I've heard about using newspaper but thought that was for the polished finish, it is the underlying grime that's the problem and neat vinegar just won't shift it.

Richard


----------



## Kaytutt (Feb 5, 2013)

Steve_UK said:


> Kaytutt said:
> 
> 
> > I use vinegar diluted in water then dried off and polished with a newspaper - yes really :wink:
> ...


I've never differentiated, I use anything to hand but I think its more to do with the paper than the ink


----------



## talogon (Aug 12, 2009)

Maplins sell IPA, I use it at work and if we run out we nip down to Maplins and get it.


----------



## Kaytutt (Feb 5, 2013)

RichardD said:


> Where can you buy IPA (and not in a Pub!!!)
> 
> I've heard about using newspaper but thought that was for the polished finish, it is the underlying grime that's the problem and neat vinegar just won't shift it.
> 
> Richard


Try spraying with neat white vinegar and leaving on for a while or soaking a rag with white vinegar and leaving that over the smear spots? I think you have to be careful with neat vinegar and paintwork though, wipe any splashes off


----------



## raynipper (Aug 4, 2008)

I just wash and leather. Leaves the van really shiny so the bird droppings show up very well.
I tried again to add a pic but as usual the site prevents me from addinging one.

When are things going to be put right on the site???

Ray.


----------



## VanFlair (Nov 21, 2009)

I have had pretty good results with Dry Wash.
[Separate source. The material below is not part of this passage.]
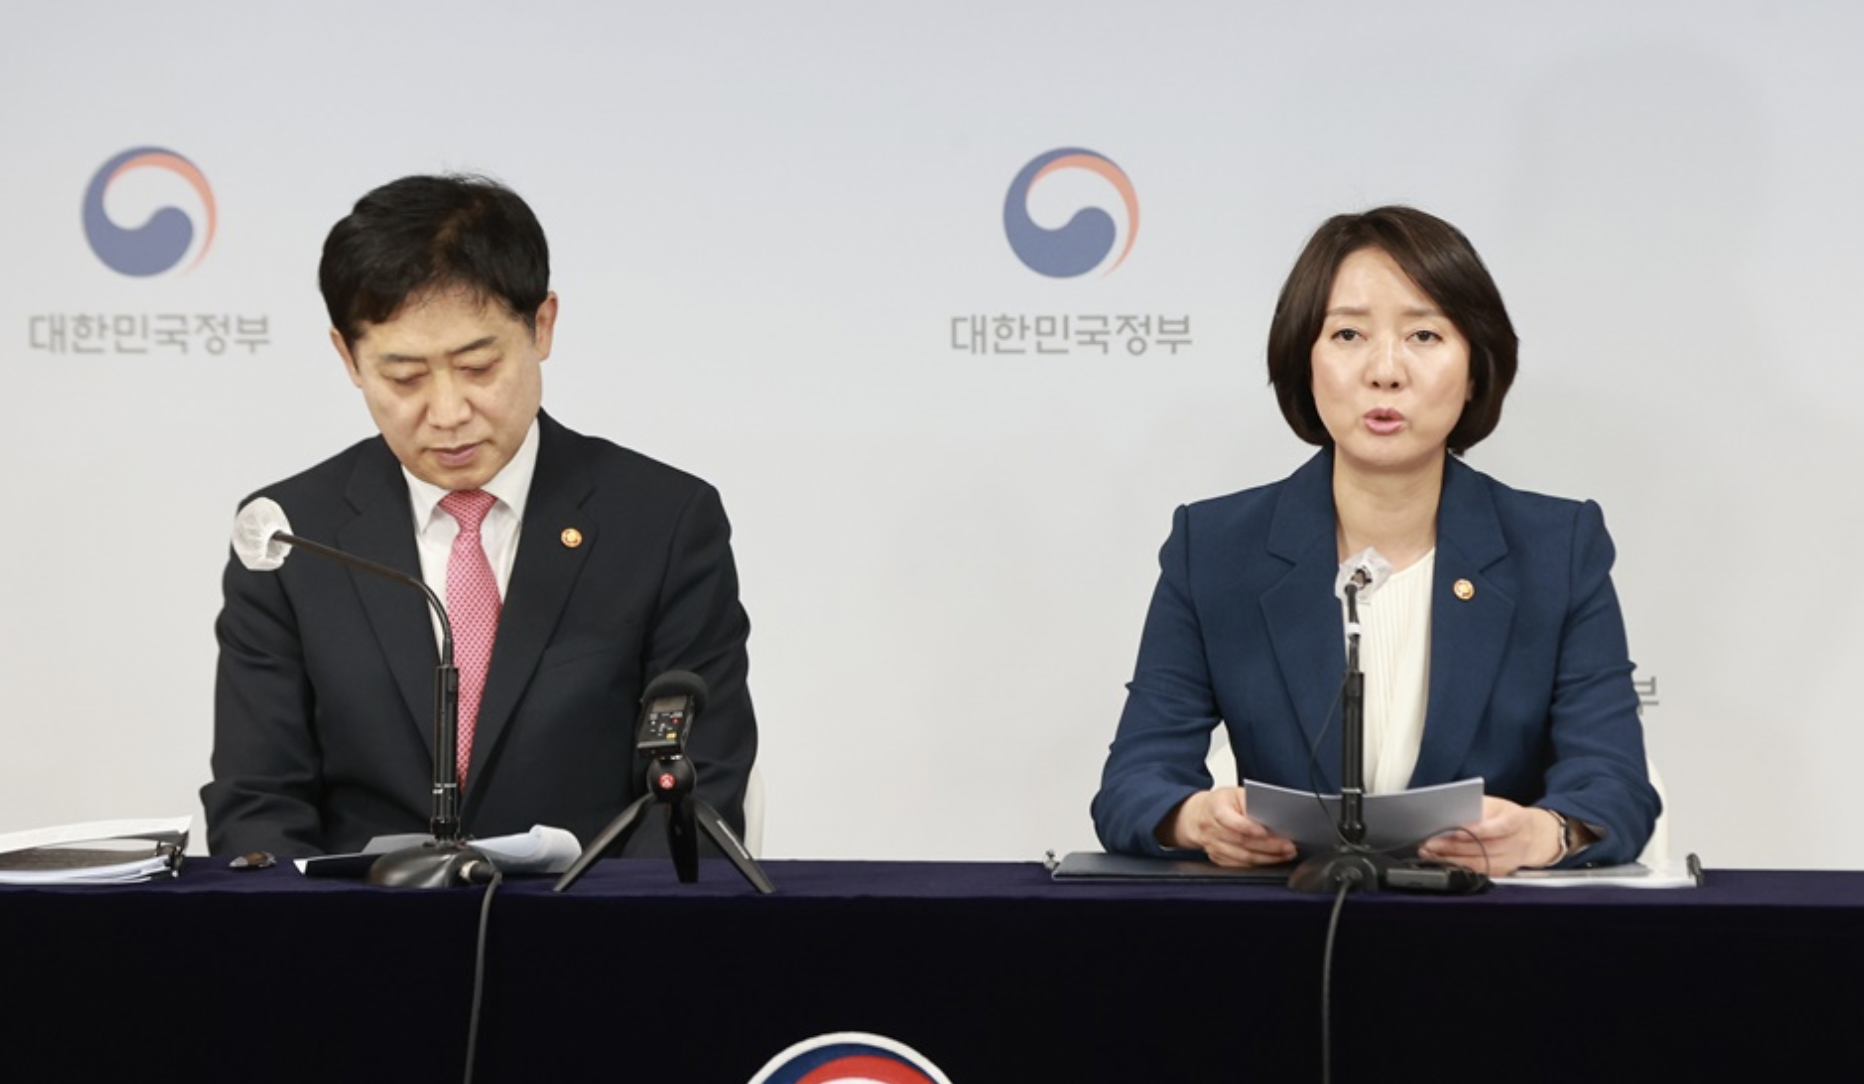 Lee Young (right), Minister of SMEs and Startups, and Kim Joo-hyun, Chairman of the Financial Services Commission, announcing plans to support innovative ventures and startups

Tried proper windscreen stuff and cant get rid of the streaks.

Martin


----------



## Mrplodd (Mar 4, 2008)

Lidl's W5 glass cleaner. Best stuff I have ever found.


----------



## emmbeedee (Oct 31, 2008)

I got some isopropyl alcohol from a local chemists. Had to order it though, not in stock, due to fire regulations apparently.


----------



## charlieivan (Apr 25, 2006)

I used to go into the wardroom and ask one of the officers for a glass of Gin when I had to clean periscope windows before going to sea in submarines. Could be expensive doing a windscreen with it though!!!!!


----------



## Snunkie (Mar 21, 2011)

Don't know if this is any help but we have a water softener so no water marks left on anything. I always use the softened water to wash the motorhome windows. I believe you can buy an additive for the water if you don't have a water softener. If I used the hose then I would have all the water marks.


----------



## rayrecrok (Nov 21, 2008)

Hey up.

I have the perfect answer to a clean windscreen..

"Sandra clean the van windows will you", haven't a clue how she does it but they are sparkling clean, that's where my interest wains :wink: :lol: :lol: :lol: 

ray.


----------



## pippin (Nov 15, 2007)

Message for snunkie:

Here in North Wales we have the purest, softest water coming out of the tap.
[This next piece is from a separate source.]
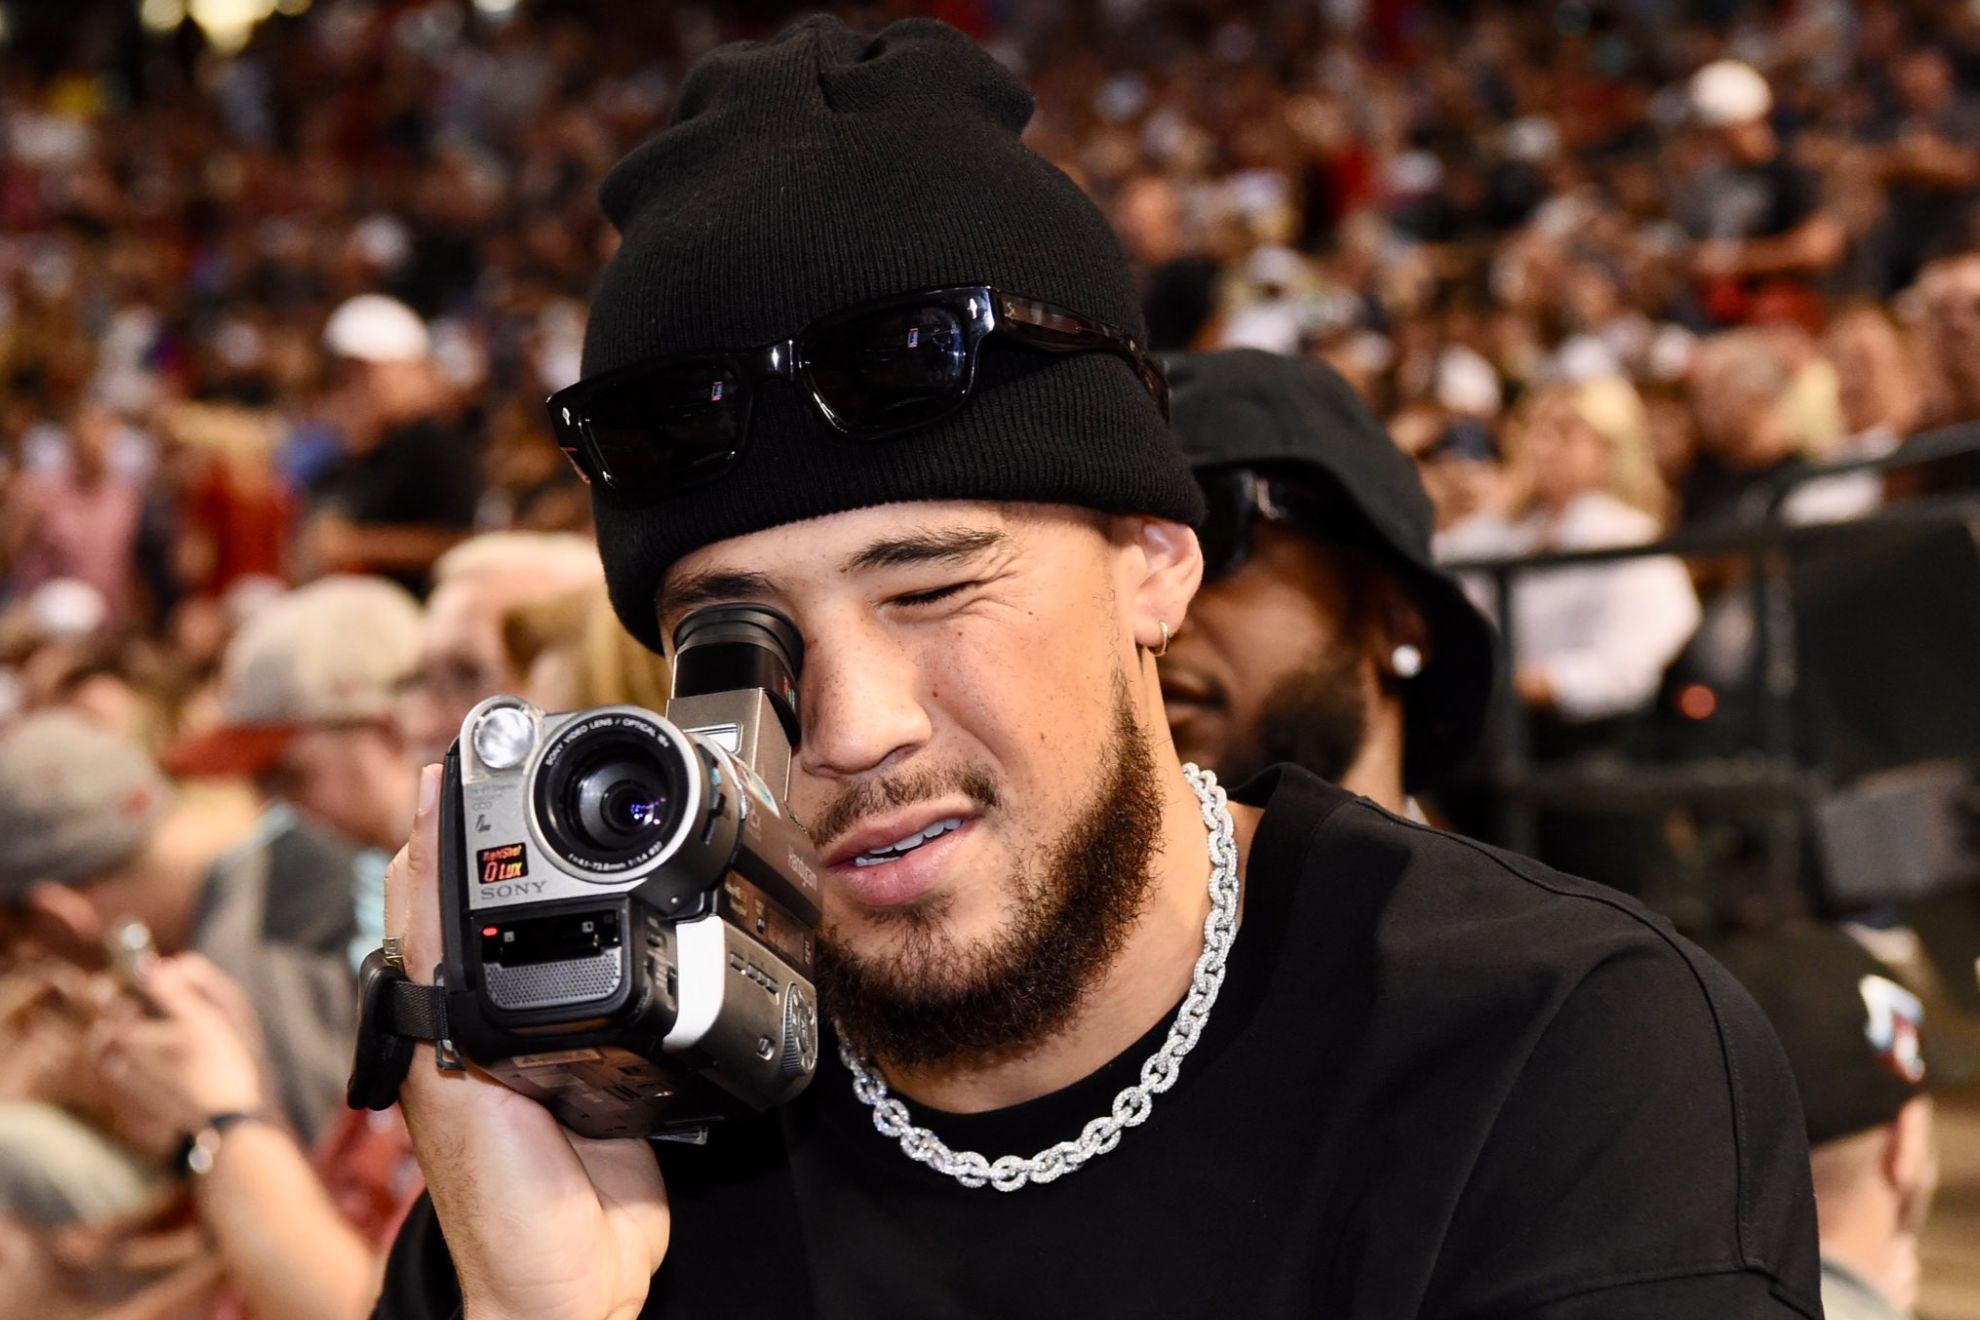 Devin Booker channels inner Shaq with vintage camcorder during D-Backs vs. Phillies

I can sell you a few litres - when I have worked out the P&P.


----------



## PF13 (Aug 2, 2013)

Having had this problem over many years, I found the product in Halfords.

It is called Halfords Intensive Glass Cutter or something very similar.

You polish it on like a car polish and it has a very mild cutting compound which strips all the insects, dirt, grease etc... You then polish off the white residue and the screen is squeaky clean.

Hope this helps.


----------



## rod_vw (May 10, 2005)

Try undiluted screen wash additive on a clean cloth followed by a polish up with another clean dry cloth.

Rod


----------



## goldi (Feb 4, 2009)

Evening folks,

I use windowlene the pink stuff.


norm


----------



## brightsparkretired (Sep 26, 2008)

*windscreen*

I use meths or surgical spirits gets rid of all the grease. my problem is reaching the top of the screen, wifey refuses to let me stand on her shoulders.

Tel
Leave no corner uncut


----------



## TheSheriff (Dec 15, 2013)

Snunkie said:


> Don't know if this is any help but we have a water softener so no water marks left on anything. I always use the softened water to wash the motorhome windows. I believe you can buy an additive for the water if you don't have a water softener. If I used the hose then I would have all the water marks.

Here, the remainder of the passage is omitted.